Even as we embrace the chaos, we fear it. Humans have a deep-seated psychological desire to control their lives. If life teaches anything, it teaches that such control is impossible. There is a lot of truth behind the joke, “If you want to make God laugh, tell Him your plans”.

The fact that control is therefore impossible only increases the desire for it. This explains the popularity of planning. It generates an artificial certainty that has nothing to do with real life but which in itself is very reassuring.

This is not to say planning is a bad idea. It is a necessary first step in the process of organisation, without which there can be no business.
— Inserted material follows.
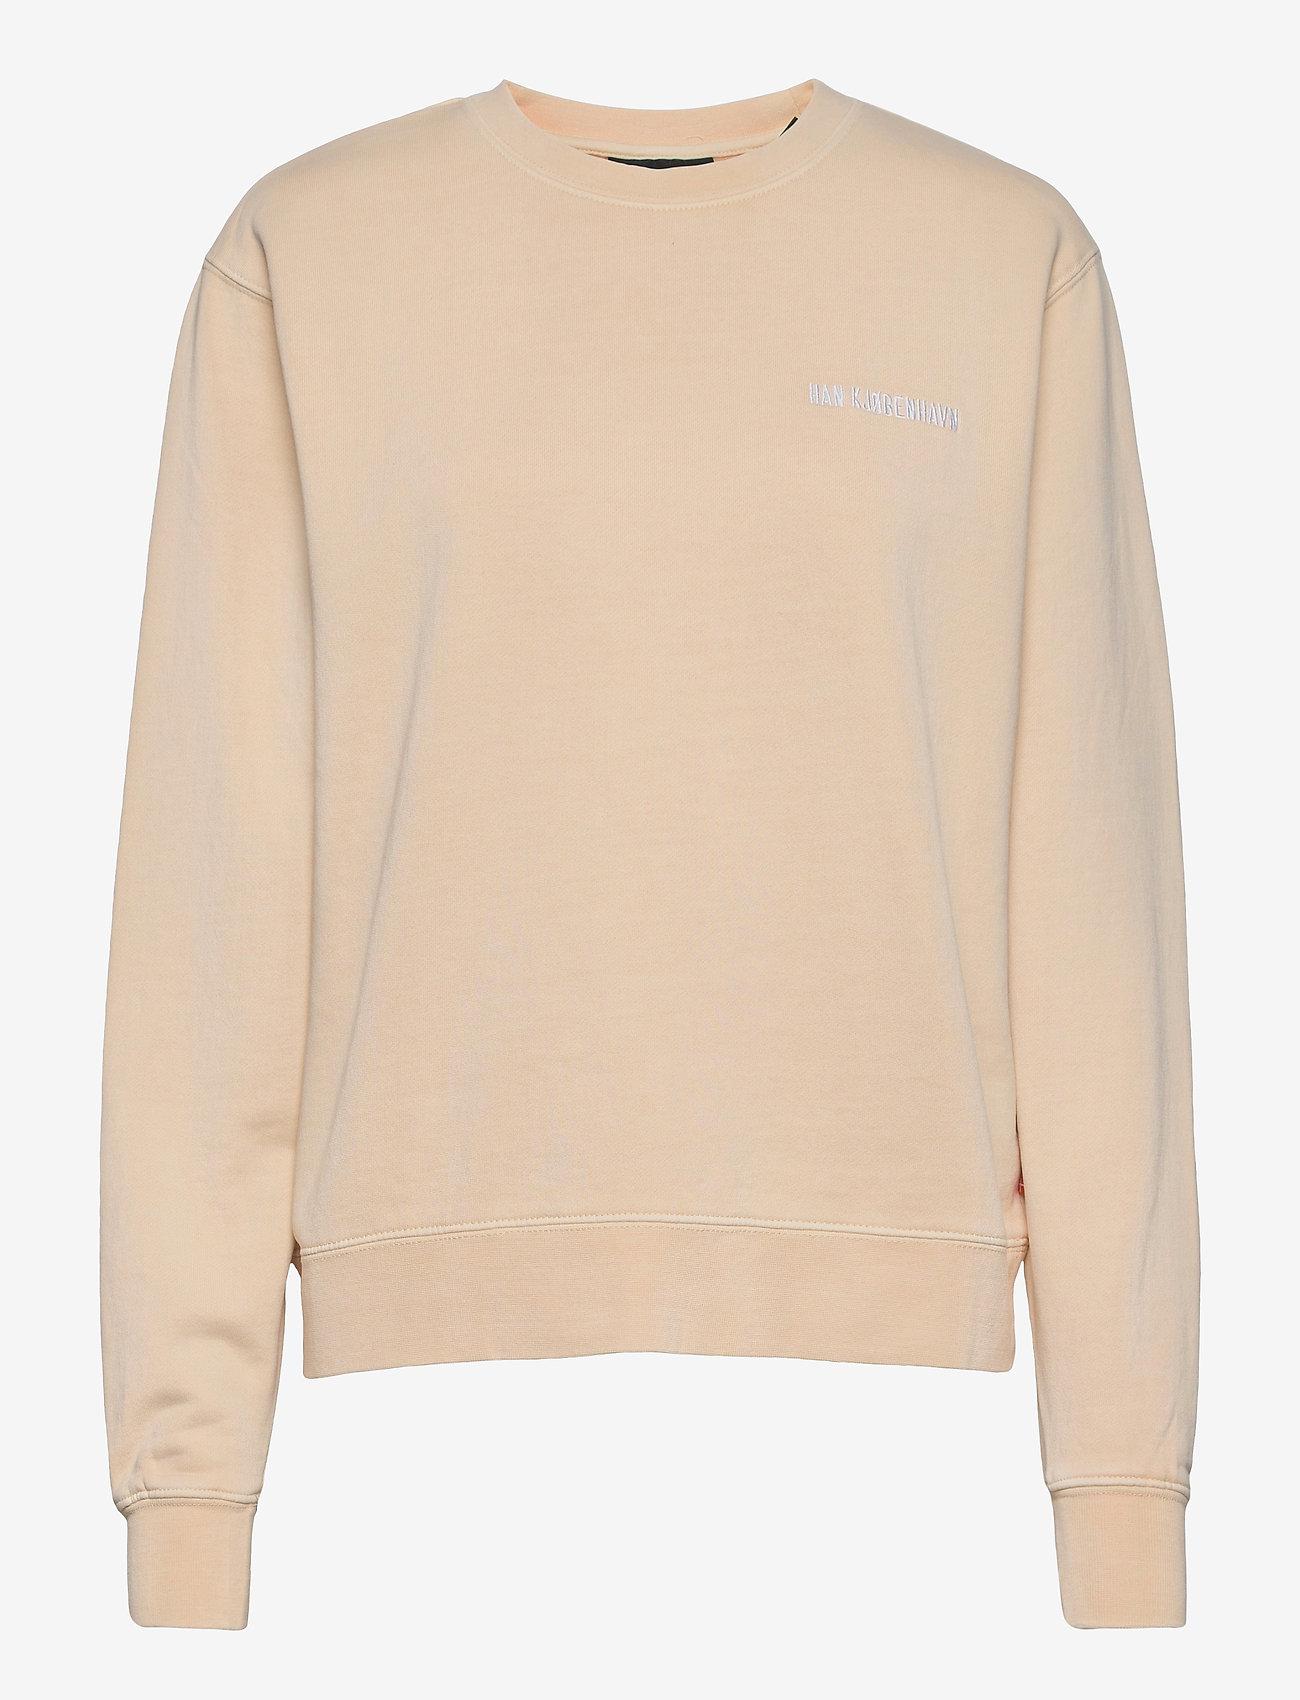 HAN Kjøbenhavn - Bulky Crew - sweatshirts - beige logo - 0

However, there is a special version of the Law of Diminishing Returns that applies to planning. Advanced preparation is essential, but there is such a thing as being over-prepared.

In particular, as planning becomes more elaborate, the feeling of artificial certainty it engenders becomes all-encompassing. The organisation, and everyone involved in it, becomes wholly reliant on “The Plan”. This destroys all flexibility and initiative.

Even Vladimir Lenin, the founder of a state dedicated to the principle of “scientific” centralised planning, came to realise that this was a problem. After an initial period of the tightest possible regulation of the economy, he relaxed central controls a little and allowed a degree of private enterprise. People could use their initiative and adapt to changing circumstances. Predictably, there was a dramatic increase in general prosperity.

However, Josef Stalin, Lenin’s successor, reversed that policy. He had supported Lenin on economic grounds but, on attaining power himself, he had good political reasons to centralise control: he did not like the idea of people using their initiative.

His principal mechanism of economic control was a series of Five Year Plans. These spawned a host of imitators. Marxist regimes all over the world had their own Five Year Plans, on the basis that imitation is the sincerest form of flattery, but Stalin had some unlikely fans among those who claimed to be anti-Marxists. Adolf Hitler, for example, stole quite a few ideas from Stalin, mostly the bad ones, and added his own twist to them. He imposed a Four Year Plan on Germany – presumably on the assumption that his anti-Marxists ought to be more efficient than the Marxists and would therefore get the job done 25% quicker.

Centralised planning can be very efficient at dealing with relatively simple, routine tasks. When it focuses on a particular target, it may well achieve it. The problem is that, in focussing on those targets, it ignores everything else – and the everything else may be what really matters.

The world is a complex place, changing rapidly – and the rate of change is increasing all the time. Even the most efficient central planning will always lack the feel for what is happening on the ground, and the initiative and flexibility to adapt to it.

This applies to states and to individual businesses. The paradox of planning is that the best plans expect the unexpected, and adapt to it.